Thus was born the most successful club in Portuguese football, and one of Europe’s most endearing and enduring names. Soon there was rivalry as well, as contemporary football aficionados formed Sporting.
Playing first for local then national titles, Benfica became a multi-sport operation, the football team sharing domination of the Portuguese game with Sporting.
Both built impressive arenas in the mid-1950s, on the eve of European competition, Benfica’s in the area of town known as Luz. When word reached Lisbon of an African player with a shot like a rocket, Benfica beat Sporting to his signature, bending Damião’s age-old club rules to allow a foreigner to sign. The rest is history.
With Eusébio, Benfica first dominated Portugal, then Europe. The Eagles broke Real Madrid’s monopoly on the European Cup in 1961 and 1962, and made three more finals that decade. Equally vital was coach Béla Guttmann, a Hungarian Jew who had starred for the influential MTK side of the 1920s, survived a Nazi labour camp and escaped shortly before being hauled off to Auschwitz.
Notoriously capricious – he quit coaching Kispest in 1947, on the eve of their transformation to the great Honvéd, due to a spat with a young Ferenc Puskás – Guttmann came to Porto by way of South America, led them to overtake Benfica to nab the Portuguese title in 1959, before switching sides.
Guttmann made the club’s promising youngsters – central midfielder Mário Coluna, wingers José Augusto and António Simões – first-team fixtures, and famously picked up on Eusébio after a conversation in a barber shop with a Brazilian coach who had seen him on tour. The wily Magyar duly brought the 19 year old from Mozambique to Lisbon.

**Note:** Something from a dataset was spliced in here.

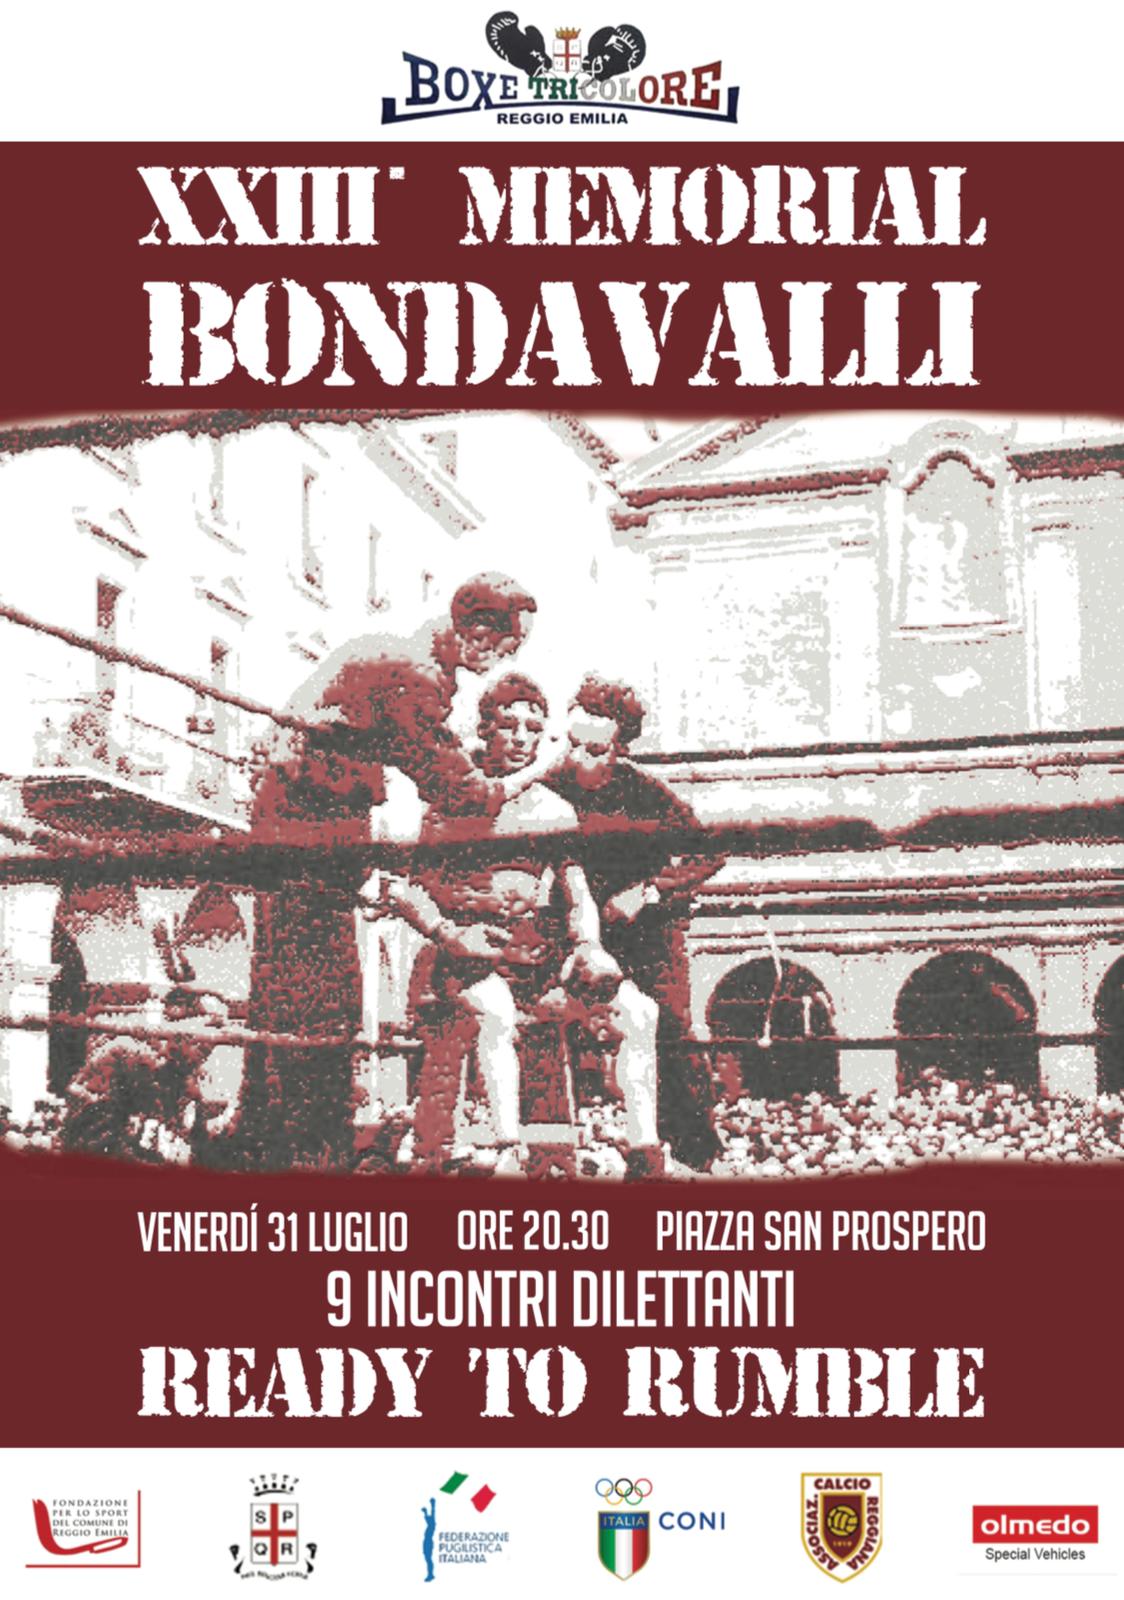 Il 31 Luglio a Reggio Emilia la XXIII Edizione del Memorial Bondavalli

First, Benfica shocked the football world by beating a Barcelona side packed with high-quality Hungarians 3-2 in Berne, after the Catalans had knocked five-time winners Real Madrid out of the European Cup in an earlier round. A year later, joined by Eusébio, Guttmann’s men held on to the trophy by responding quickly to a first-half Puskás hat-trick for the Spanish giants. A brace in five minutes by the young African settled matters on 5-3 and ended Real’s golden era.
In 1963, Benfica again made the final but by then, Guttmann had long gone, storming out after being refused a pay rise after the Real victory. As urban myth would have it, he placed a curse on the club never to lift the European Cup again.
Five finals have come and gone, from a 2-1 post-Guttmann loss to Milan at Wembley to 1990, and still those two trophies, of the old design with the smaller ears, keep each other company in the club museum.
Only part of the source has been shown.